Sajatovic et al¹⁶ published the results of a prospective, open trial with quetiapine (mean dose = 203 ± 124 mg/d) as add-on therapy in 20 patients (10 bipolar, 10 schizoaffective; 19 male, 1 female) insufficiently responsive to their mood stabilizer or antipsychotic. Pre-post assessments indicated significant improvement in the BPRS, Mania Rating Scale (MRS), and HDRS scores. While the combination was generally well tolerated, there was a mean weight gain of 4.9 kg (10.8 lb). This raises the specter of complications associated with substantial weight gain produced by several of the novel antipsychotics.
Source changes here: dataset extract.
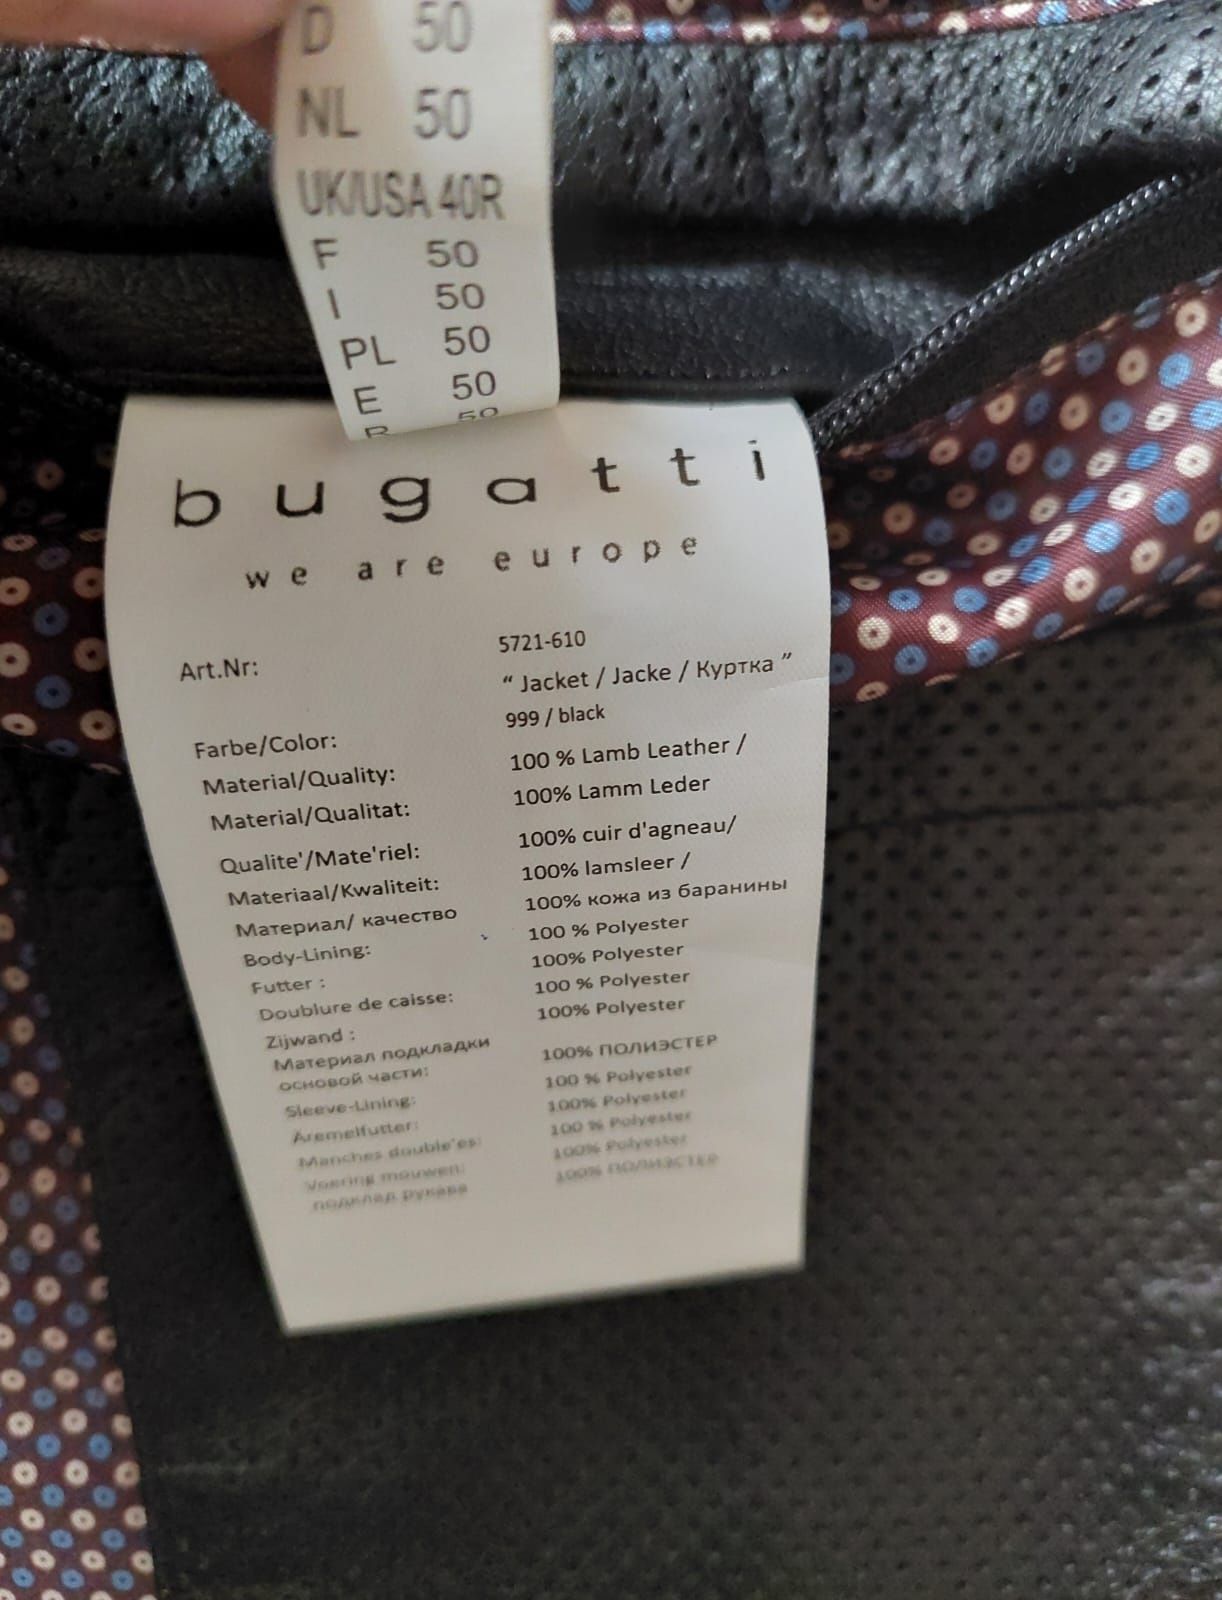 Bugatti nowa męska kurtka skórzana r50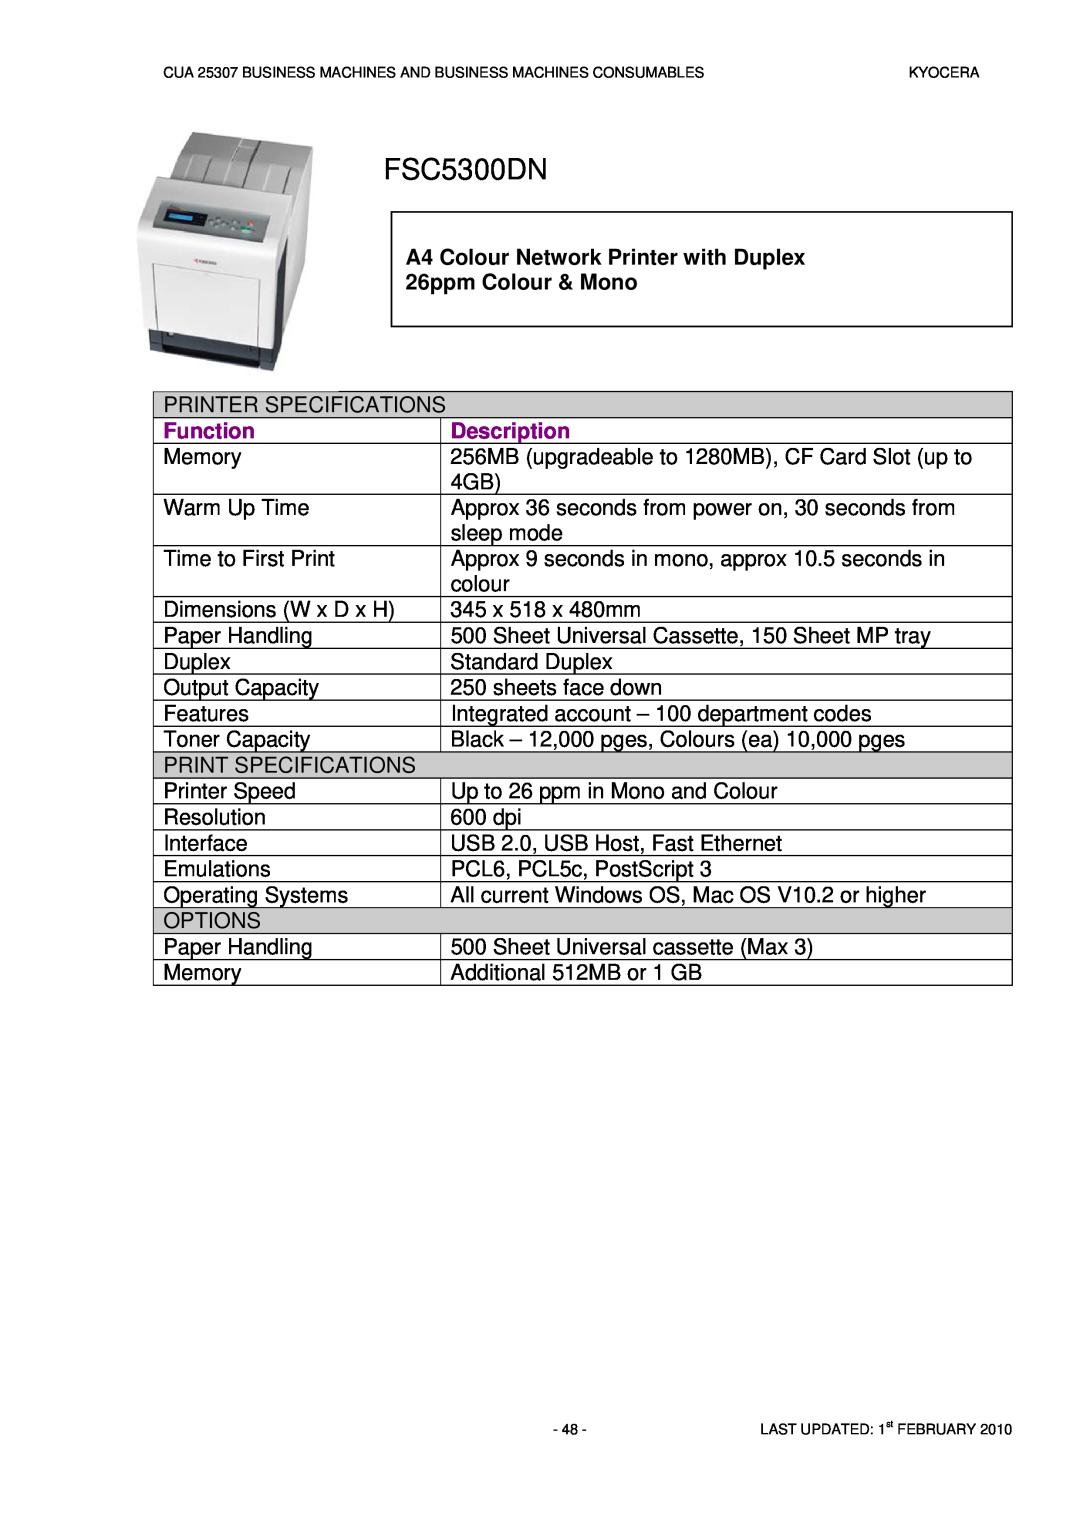 Kyocera CUA 25307 manual FSC5300DN, Function, Description

A recent report indicates that ziprasidone may also be an effective antimanic agent. In a randomized, double-blind, placebo-controlled, multicenter trial involving 210 bipolar (manic or mixed episodes) patients, ziprasidone (80 to 160 mg/d; n=140) was compared to a placebo (n=70) for 3 weeks.¹⁷ By day 2 and all subsequent time points, ziprasidone was superior in terms of mean change scores from the baseline MRS; produced a more rapid and significantly greater improvement in overall psychopathology in both positive and negative symptoms; and did not produce significant adverse effects (including relevant ECG parameter changes) when compared with the placebo. Similar trials are being conducted for risperidone, aripiprazole, and iloperidone.

Finally, Meehan et al¹⁸ reported on the results of an acute parenteral formulation of olanzapine used to manage agitation in an acute manic or mixed episode. This was a 24-hour, double-blind, placebo-controlled trial comparing intramuscular olanzapine to intramuscular lorazepam. The following results were indicated:

Olanzapine (doses of 5 to 10 mg) produced a significantly greater reduction in excitation than did the placebo or lorazepam at 30 minutes post-injection.
Twice as many patients receiving lorazepam or a placebo versus olanzapine required more than one injection.
Except for olanzapine-induced tachycardia in one patient, there were no significant changes in vital signs, ECG parameters, or laboratory assays among the three groups.
Somnolence (13%) and dizziness (9%) were the most frequent side effects in the olanzapine group.

Treatment strategies for depression and mania

Considering the existing research data, clinical experience, and the risk/benefit ratio, treatment strategies that emphasize the role of antipsychotics in managing severe mood disorders are presented in the algorithms in Figures 1 and 2.

Figure 1 emphasizes the role of antipsychotics in the pharmacological management of patients with major depression. For unipolar depression with psychotic symptoms, options include an antidepressant plus an antipsychotic; amoxapine monotherapy; and possibly monotherapy with a novel agent such as ziprasidone. For bipolar depression with psychosis or schizoaffective disorder with depression, combining a mood stabilizer such as lithium plus an antipsychotic may be sufficient, but often an antidepressant must also be added. If the response is insufficient, consider switching to a novel antipsychotic (e.g., olanzapine or risperidone) plus a mood stabilizer (± antidepressant). In more serious exacerbations (e.g., high suicidality), ECT may be most appropriate. Secondary choices include clozapine with or without an antidepressant or novel antipsychotic such as risperidone combined with ECT.